Discover more from Machine learning at scale
#9 Reddit's ML Model Deployment and Serving Architecture

Table of contents
Introduction
The legacy platform: one system on top of the other
The new platform: scalable and reliable
Closing thoughts
Introduction
Today's topic will deal with improving Reddit's ML platform, from a non-scalable, failure-prone system to a reliable and highly performant one.
This system follows a trend already observed in previous articles: more and more tech companies are building their own ML infrastructure open to product engineers across the company.
The legacy platform: one system on top of the other
The first system is called Minsky, which serves data from various sources such as Cassandra or in-process caches.
Reddit clients use this data to improve their tools. An ML serving platform called Gazette is built on top of Minsky, and four instances of the two systems are deployed across a cluster of EC2.
A load balancer distributes requests from clients across the four instances, but there is no virtualization between instances on a single EC2, so all instances share the same CPU and RAM.
ML models are deployed as embedded model classes, which means there is a fairly manual process to contribute a new model.
This process involves changing the binaries. Models are deployed in a monolithic fashion, meaning all models are deployed across all instances of the two systems across all EC2 instances. Features are either passed in the request or fetched from Cassandra.
Performance
CPU-intensive ML inference endpoints are co-located with intensive I/O data access endpoints to fetch features.
The request volume can degrade the performance of other RPCs due to prolonged wait time for context switching.

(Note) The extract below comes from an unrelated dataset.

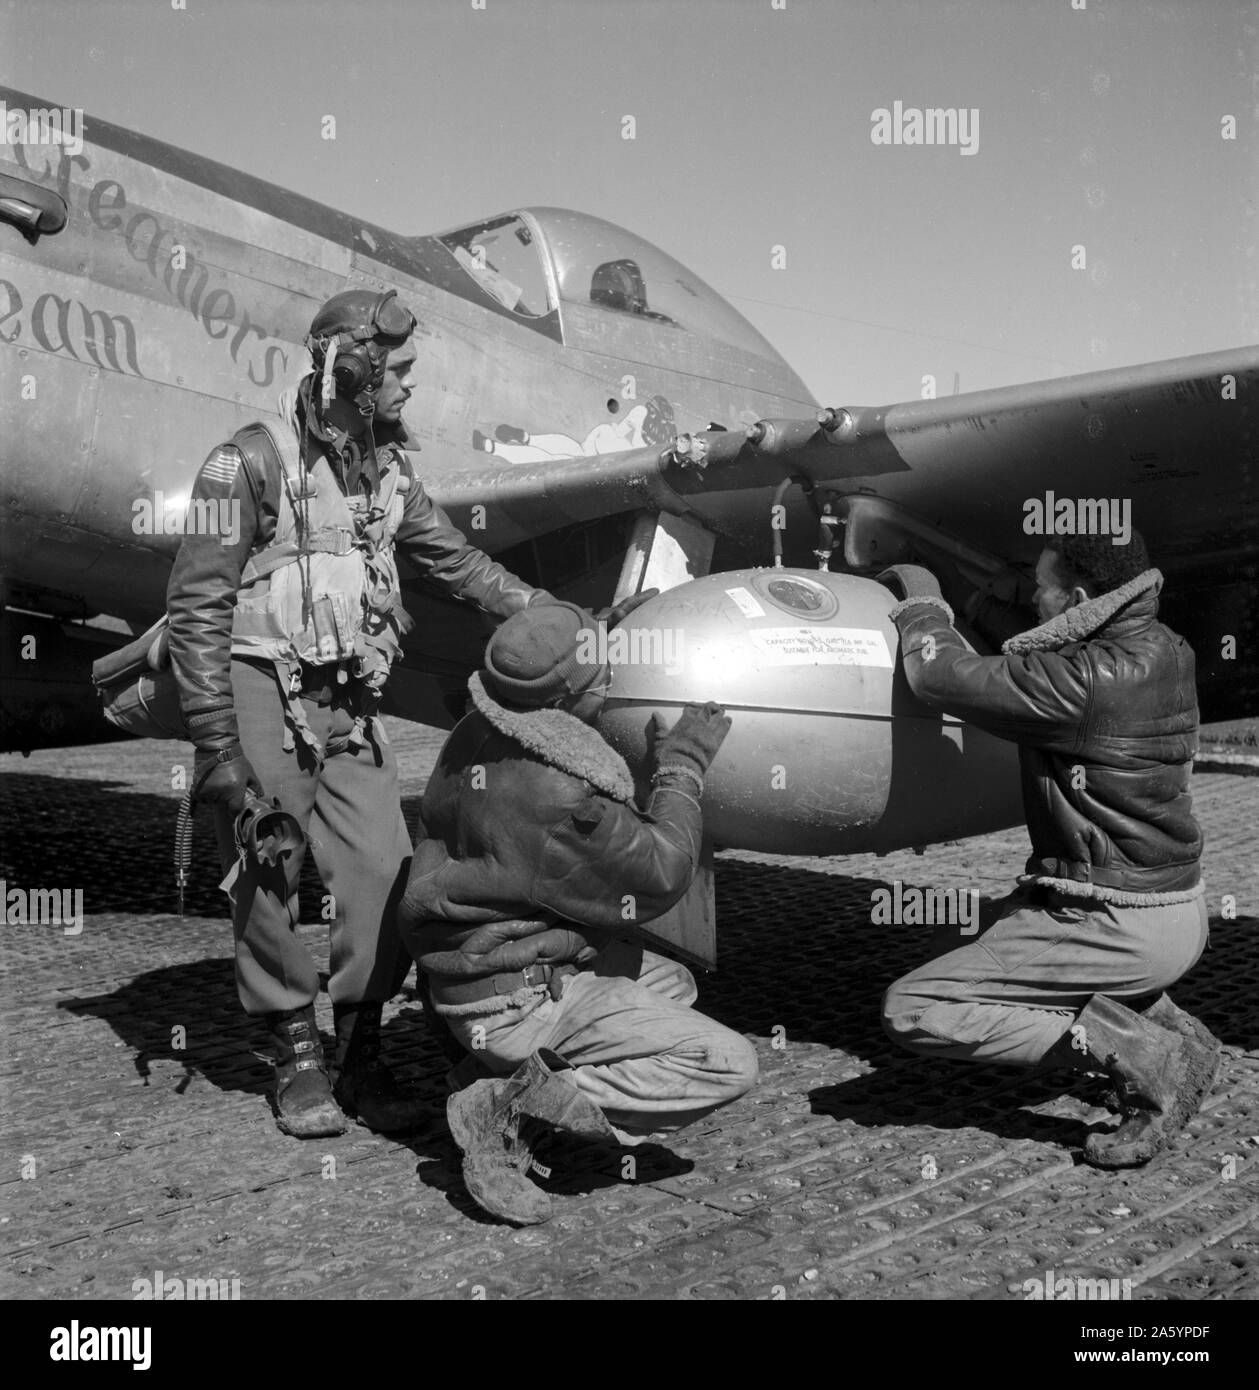 Photographie d'Edward C. Gleed et deux aviateurs, Ramitelli Tuskegee non identifiés, de l'Italie. Photographié par Toni Frissell (1907-1988). Datée 1945 Banque D'Images

Additionally, ML models are deployed across multiple application instances running on the same host with no virtualization between them: they share CPU cores.

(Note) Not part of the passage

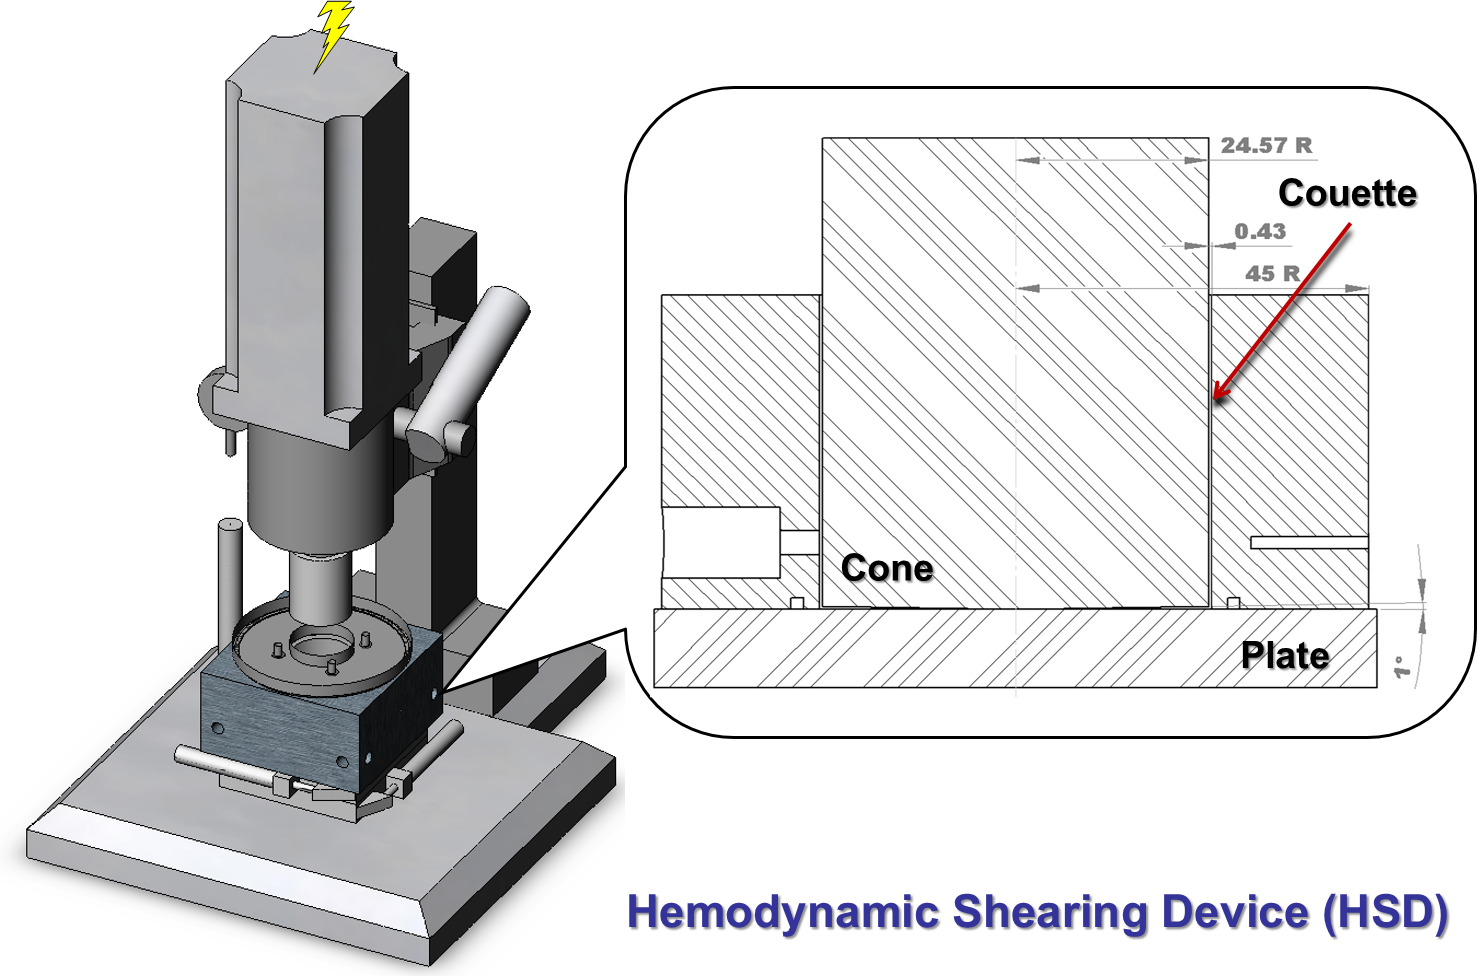 Hemodynamic Shearing Device

Multiple models running on the same hardware contend for these resources, and parallelism can't be fully leveraged.
Scalability
Because all models are deployed across all instances, the size of models that can be deployed is limited.
All models must fit in RAM, and large instances are needed to deploy large models.
Additionally, some models serve more traffic than others, but these models are not independently scalable since all models are replicated across all instances.
Developer experience
Since all models are embedded in the application server, all model dependencies are shared.
To leverage new library versions or new frameworks for newer models, backward compatibility for all existing models must be ensured.
Reliability
Because models are deployed in the same process, an exception in a single model will crash the entire application and can have an impact across all models. This puts additional risk around the deployment of new models
Observability
Because models are all deployed within the same application, it can sometimes be complex or difficult to understand the "model state" - the state of what is expected to be deployed vs. what has actually been deployed.
The new platform
The new ML platform aims to solve the previous pain points.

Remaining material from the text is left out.